Novel ini sangat menunjukkan dinamika dalam pikiran Kim Ji-yeong. Ia memang tidak berbuat banyak untuk mengatasi permasalahannya, tapi kita berkali-kali disuguhkan dengan pemikiran Kim Ji-yeong yang bingung dan terusik dengan keadaannya. Kim Ji-yeong juga bertanya-tanya, kenapa ia harus mengalami semua ini?
Satu hal yang agak mengganggu saya dari novel ini adalah ending-nya yang terasa kurang memuaskan. Rasanya seperti tidak ada konklusi yang berarti, sehingga rasanya datar-datar saja. Tetapi, setelah menamatkan novel ini untuk beberapa saat, saya jadi berpikir: apakah Cho Nam-joo sengaja memberikan ending seperti ini? Soalnya, kalau saya pikir-pikir lagi, kehidupan Kim Ji-yeong memang terasa realistis dengan keadaan di dunia nyata, dan ending yang tidak memuaskan tersebut seolah-olah memberi tahu kita kalau permasalahan yang dihadapi Kim Ji-yeong memang belum selesai, dan tugas kitalah sebagai perempuan di masa sekarang untuk menuntaskan praktik misoginis yang sudah lama merugikan perempuan.
Di masa ketika feminisme sudah marak diterapkan, perempuan memang punya kesempatan untuk mengejar pendidikan dan karir yang lebih tinggi. Tidak jarang juga kita mendengar kisah-kisah inspiratif soal perempuan yang sukses meraih mimpi dan menjadi sosok yang hebat. Saya sendiri bersyukur dibesarkan di keluarga yang tidak terlalu mengkotak-kotakkan gender, sehingga mungkin beban pikiran saya tidak seberat yang ditanggung oleh Kim Ji-yeong di novel ini.

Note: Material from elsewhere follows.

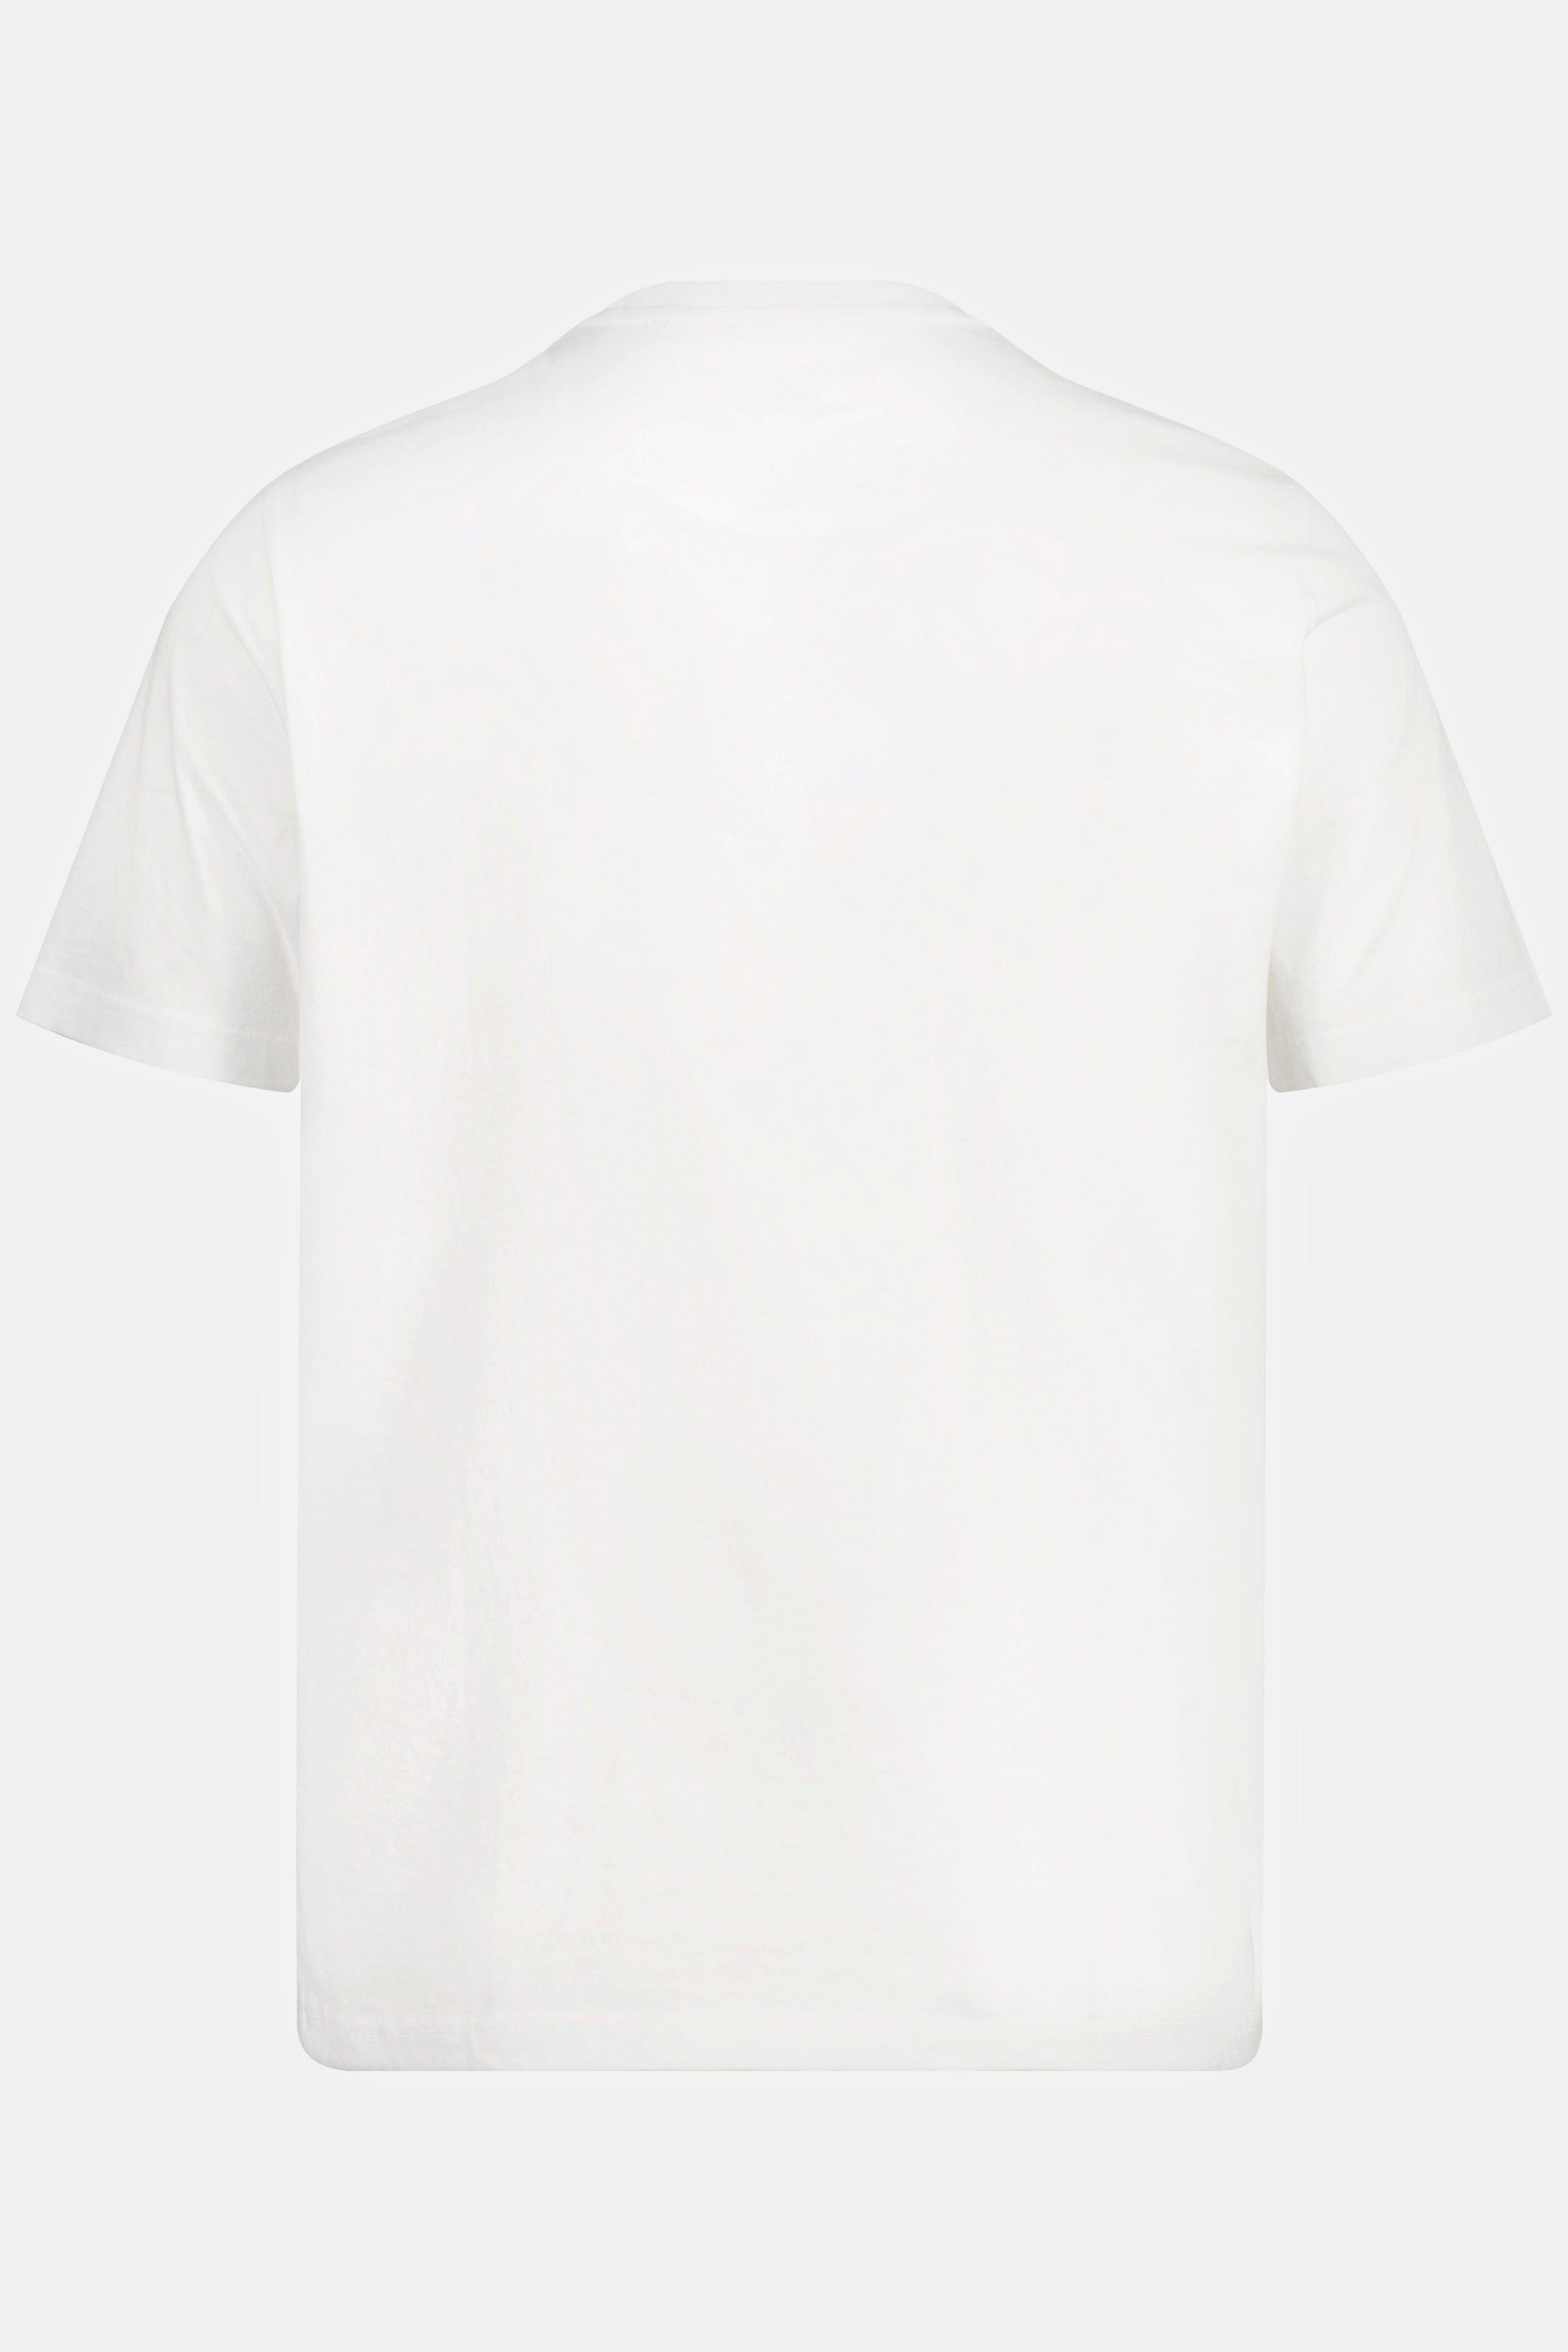 T-Shirt Halbarm JP1880 Trekking-Shirt Outdoor Berg Print

Tetapi, di tengah semua kisah-kisah perempuan hebat tersebut, kita kadang juga melupakan fakta bahwa praktik misoginis sebenarnya mash ada dan belum hilang sepenuhnya. Tentu saja, perempuan menjadi pihak yang dirugikan dalam praktik ini. Nggak jarang saya mendengar cerita perempuan yang terpaksa mengorbankan karir dan pendidikannya karena menikah dan mengurus keluarga, perempuan yang dianggap sebagai makhluk lemah dan tidak sanggup memimpin, perempuan yang disalahkan ketika ada kasus pelecehan, dan lain-lain.
Sad truth, tentu. Tapi bukan berarti keadaan tersebut tidak bisa diubah. Memang bukan proses yang mudah dan instan, tapi saya yakin kita bisa pelan-pelan memberantas praktik misoginis dengan cara yang elegan dan simpatik.
Semoga di masa depan tidak ada lagi Kim Ji-yeong yang lainnya.